Online Apache HBase Backups with CopyTable

源自:http://blog.cloudera.com/blog/2012/06/online-hbase-backups-with-copytable-2/

CopyTable is a simple Apache HBase utility that, unsurprisingly, can be used for copying individual tables within an HBase cluster or from one HBase cluster to another. In this blog post, we’ll talk about what this tool is, why you would want to use it, how to use it, and some common configuration caveats.

Use cases:

CopyTable is at its core an Apache Hadoop MapReduce job that uses the standard HBase Scan read-path interface to read records from an individual table and writes them to another table (possibly on a separate cluster) using the standard HBase Put write-path interface. It can be used for many purposes:

  • Internal copy of a table (Poor man’s snapshot)

  • Remote HBase instance backup

  • Incremental HBase table copies

  • Partial HBase table copies and HBase table schema changes

Assumptions and limitations:

The CopyTable tool has some basic assumptions and limitations. First, if being used in the multi-cluster situation, both clusters must be online and the target instance needs to have the target table present with the same column families defined as the source table.

Since the tool uses standards scans and puts, the target cluster doesn’t have to have the same number of nodes or regions.  In fact, it can have different numbers of tables, different numbers of region servers, and could have completely different region split boundaries. Since we are copying entire tables, you can use performance optimization settings like setting larger scanner caching values for more efficiency. Using the put interface also means that copies can be made between clusters of different minor versions. (0.90.4 -> 0.90.6, CDH3u3 -> CDH3u4) or versions that are wire compatible (0.92.1 -> 0.94.0).

Finally, HBase only provides row-level ACID guarantees; this means while a CopyTable is going on, newly inserted or updated rows may occur and these concurrent edits will either be completely included or completely excluded. While rows will be consistent, there is no guarantees about the consistency, causality, or order of puts on the other rows.

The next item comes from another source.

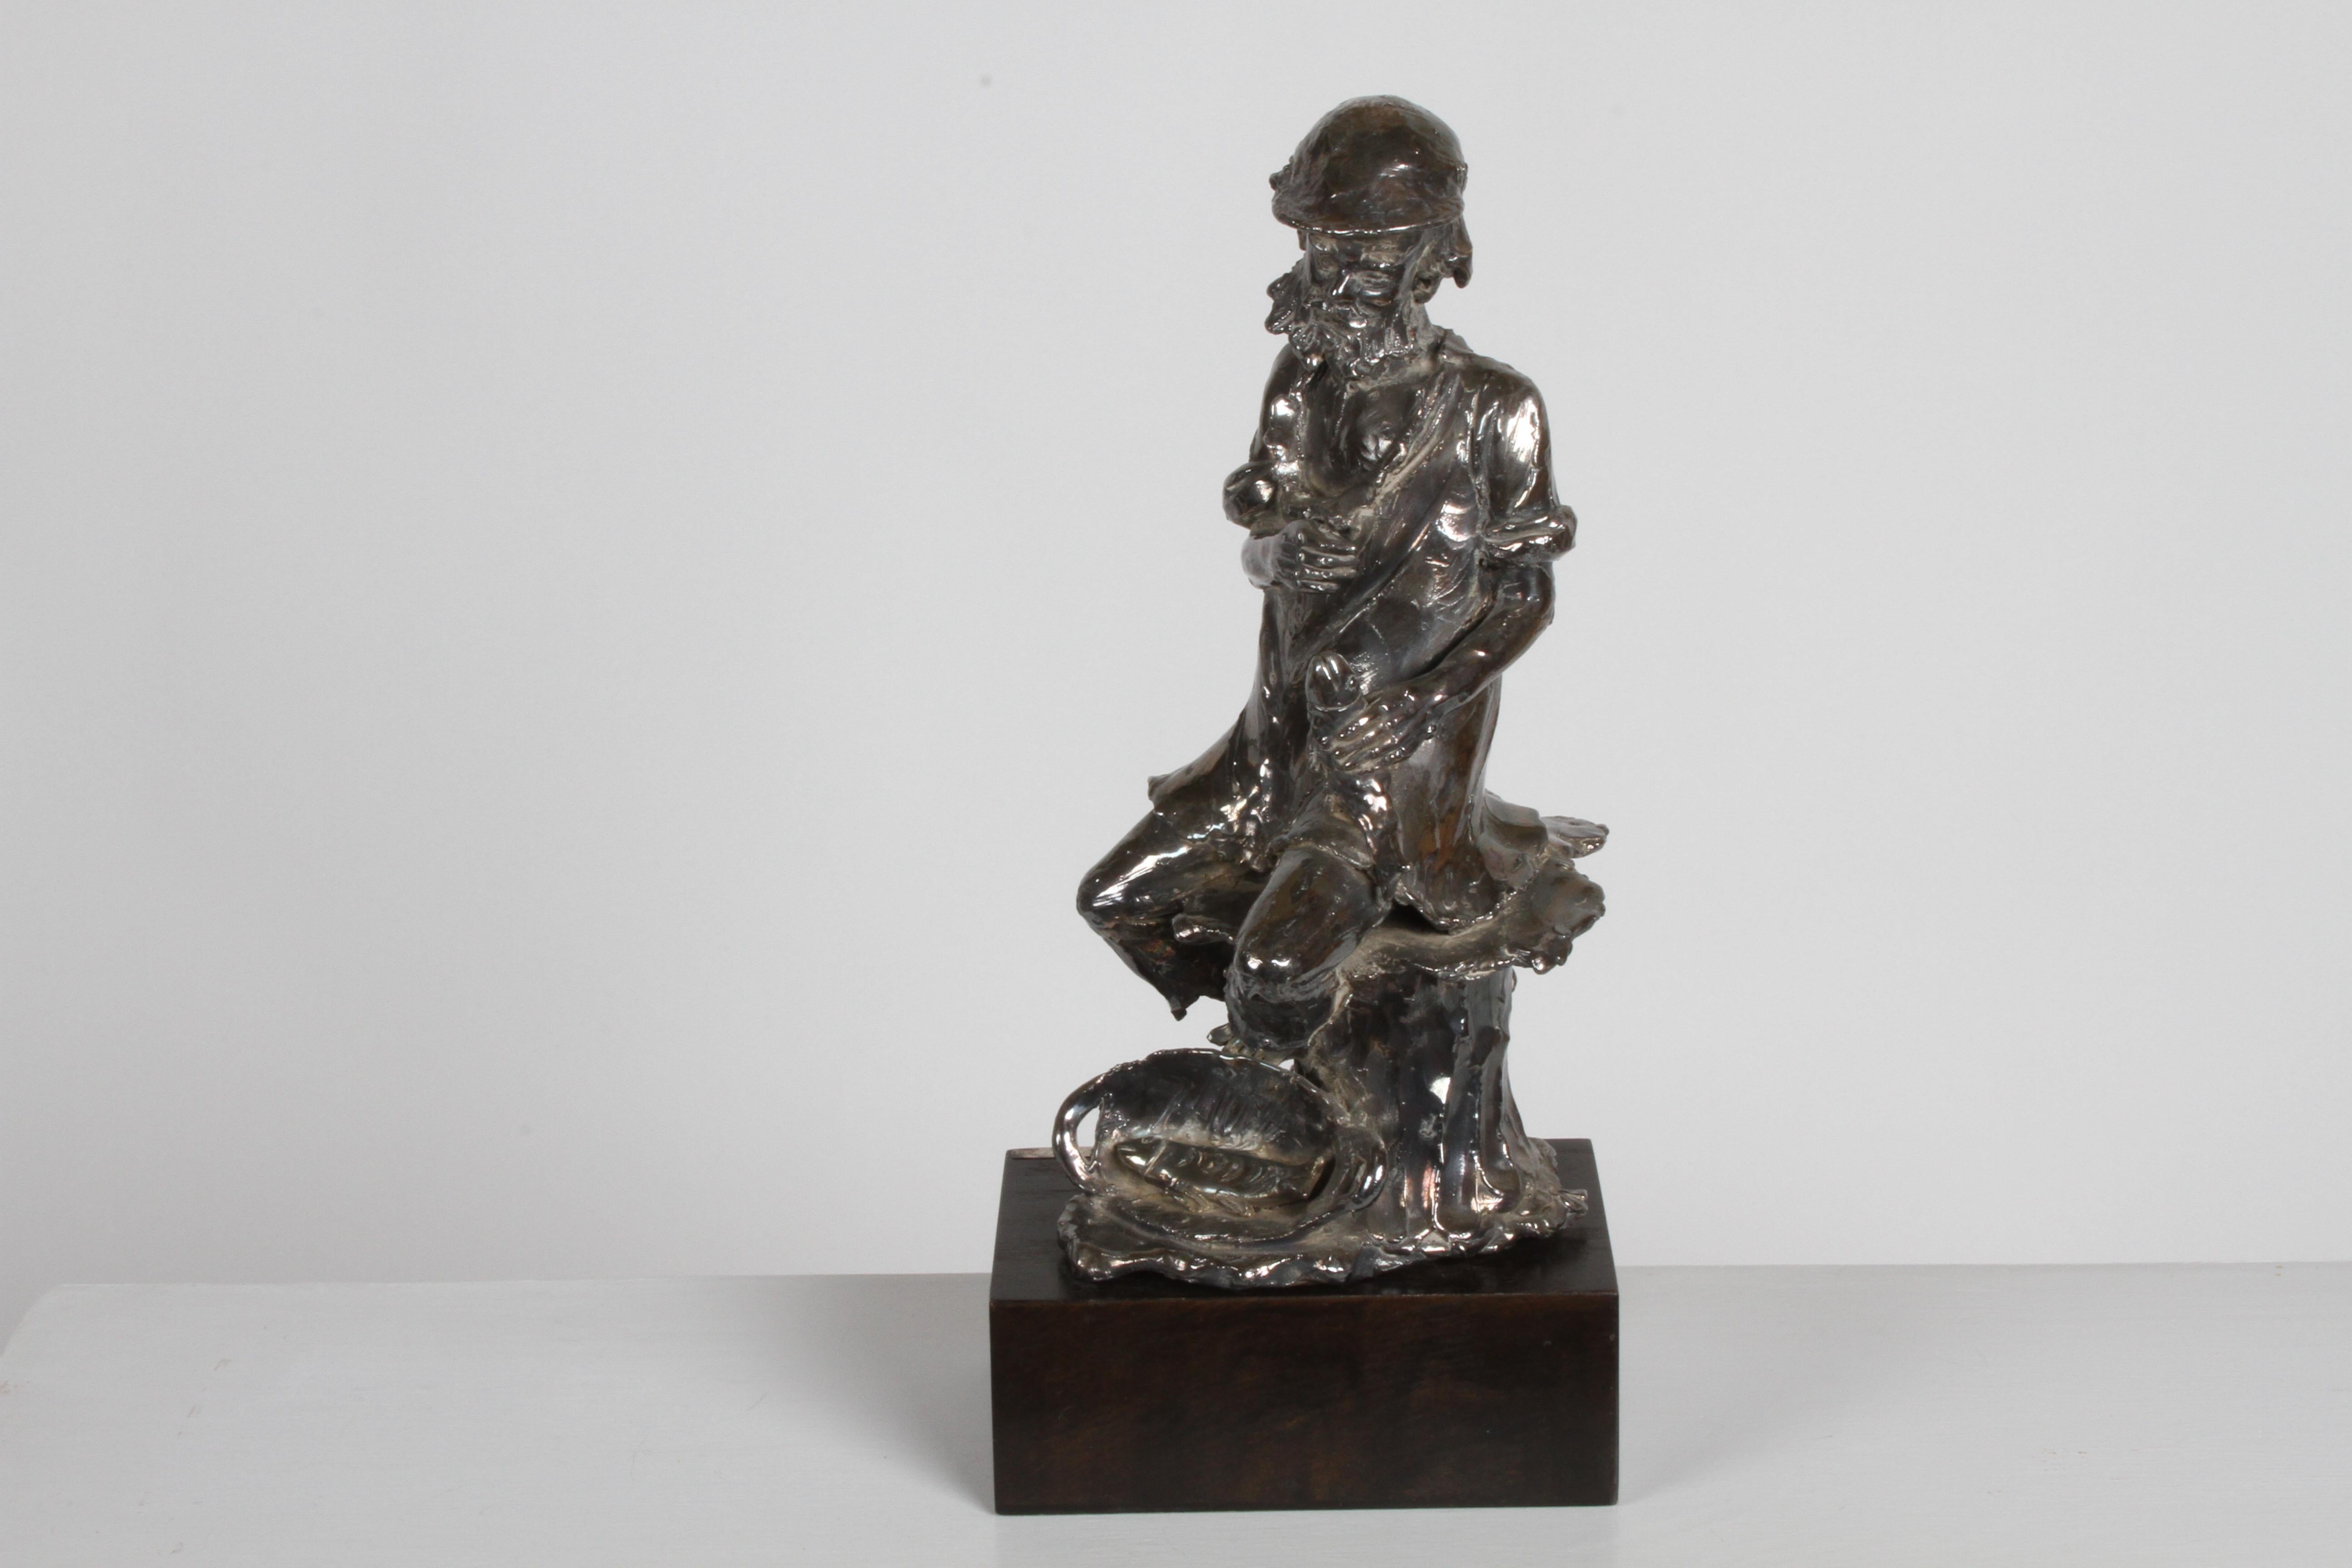 A well-known Canadian sculptor, Alice Winant (nee Czitron) Quebec, Canada/ Romania 1928-1989, unique sterling 925 sculpture of an old bearded fisherman sitting on a stump, holding a fish. Hand signed sterling plaque on wood base A. Winant, back of

Internal copy of a table (Poor man’s snapshot)

Versions of HBase up to and including the most recent 0.94.x versions do not support table snapshotting. Despite HBase’s ACID limitations, CopyTable can be used as a naive snapshotting mechanism that makes a physical copy of a particular table.

Let’s say that we have a table, tableOrig with column-families cf1 and cf2. We want to copy all its data to tableCopy. We need to first create tableCopy with the same column families:

1

srcCluster$ echo "create 'tableOrig', 'cf1', 'cf2'" | hbase shell

We can then create and copy the table with a new name on the same HBase instance:

1

srcCluster$ hbase org.apache.hadoop.hbase.mapreduce.CopyTable --new.name=tableCopy tableOrig

This starts an MR job that will copy the data.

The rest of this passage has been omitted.